HaplozygousNut said:


> http://www.beesfordevelopment.org/media/2670/bfdj94-profitable-beekeeping-with-apis-cerana.pdf
> 
> Here is an interesting article about keeping Apis cerana in Japan. It says that Apis cerana make about a fourth of what European honey bees make in honey. That is better than I thought! He even says in the article that he doesn't see it as much of a disadvantage, but just have four times the number of Asian honey bee colonies than European honeybee colonies to compensate for the less honey production. Even with absconding it says it is not without reason that the Asian honey bees abscond. One disadvantage though is that the Asian honey bees he says go only a radius of 2 km, which is much less than the European honey bees.


Getting 1/4 the honey production would bankrupt us. 

The honey is what finances the pet hoarding of bees. That sounds terrible. 

You know its funny that having bees and hoarding them is the one type of animal that you can hoard without risking having hundreds of them have the municipalities throw you out.


----------



## HaplozygousNut (Dec 30, 2015)

hagane said:


> Getting 1/4 the honey production would bankrupt us.
> 
> The honey is what finances the pet hoarding of bees.
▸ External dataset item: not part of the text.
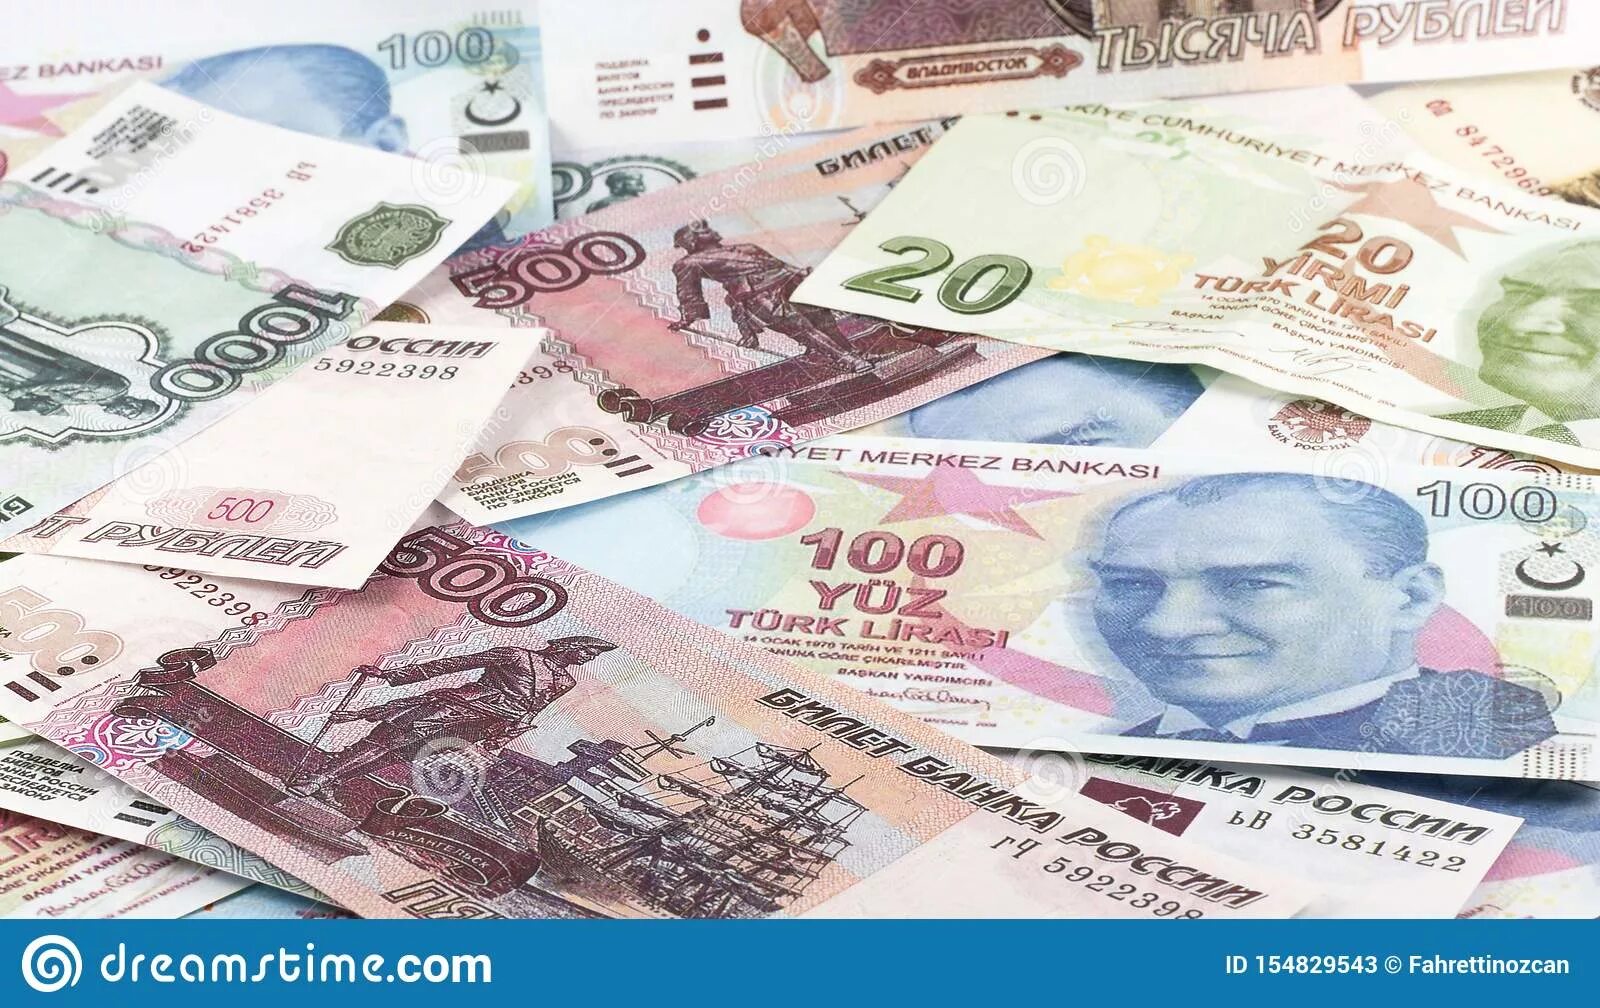 Доллар рубль турция. Валюта Турции. Изображение валюты Турции. Русские валюты.

That sounds terrible.
> 
> You know its funny that having bees and hoarding them is the one type of animal that you can hoard without risking having hundreds of them have the municipalities throw you out.
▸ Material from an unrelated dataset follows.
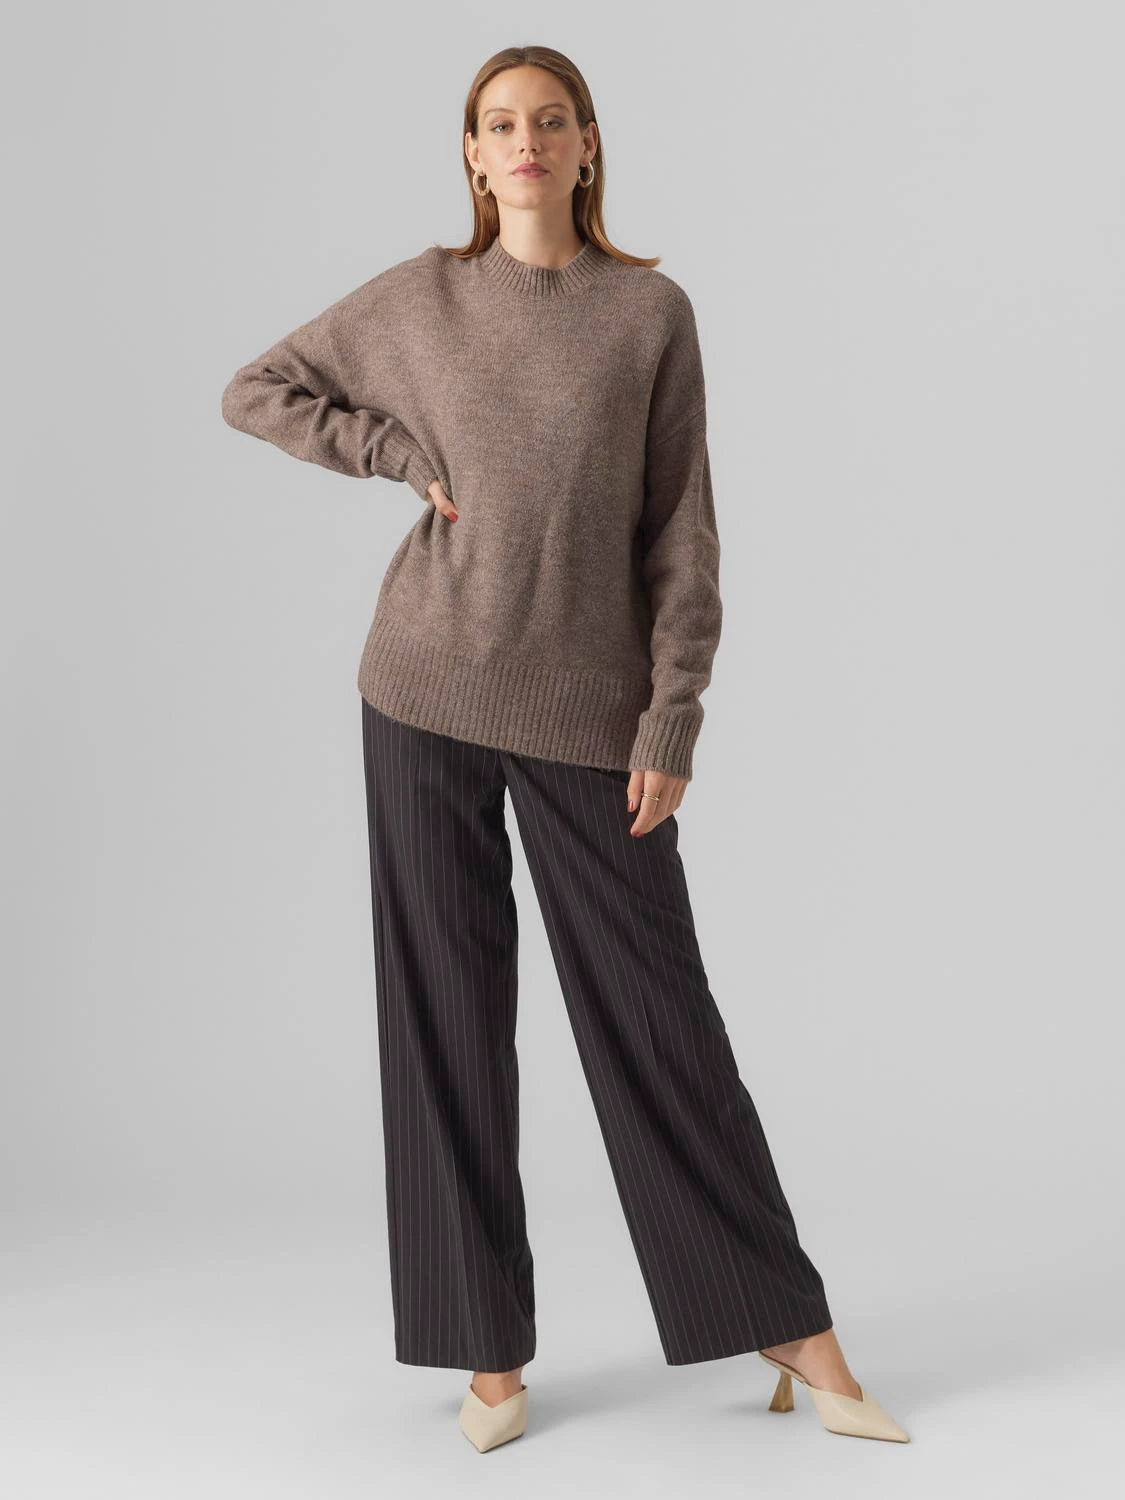 Lefile Oversize Sweater

Very funny hugane! Honey is what finances our pet bees! That is very true! 

Honey is not the only way of making money with honey bees, ...though 33-44 lbs of surplus honey annually from each Apis cerana hive is nothing to sniff at, especially if your Apis melllifera are dying from pests such as Varroa mites. 

From what I have read Apis cerana are very good for pollination of crops. They are said to forage at cooler temperatures, earlier in the morning, and later in the evening compared to the common European honey bees. Also, because Apis cerana have a smaller foraging range I have read that that might help with pollination, too, because Apis cerana won't go far away looking for a better foraging source than the nearby crops you want them to pollinate. Since the Asian honey bees are resistant to Varroa, they would need much less maintenance, but still give profit from almond pollination in the California Central Valley.


----------



## Live Oak (Oct 11, 2008)

I read through all of this thread and forgive me if I missed the discussion on it but it would seem to me that importation of Apis Cerana would present and extremely high risk........probably so high as to not make it NOT worth the risk of also importing the Tropilaelaps mite which would almost certainly be disastrous to say the least for the North American and South American beekeeping industry.


----------



## GregB (Dec 26, 2017)

Live Oak said:


> .... importation of Apis Cerana would present and extremely high risk.........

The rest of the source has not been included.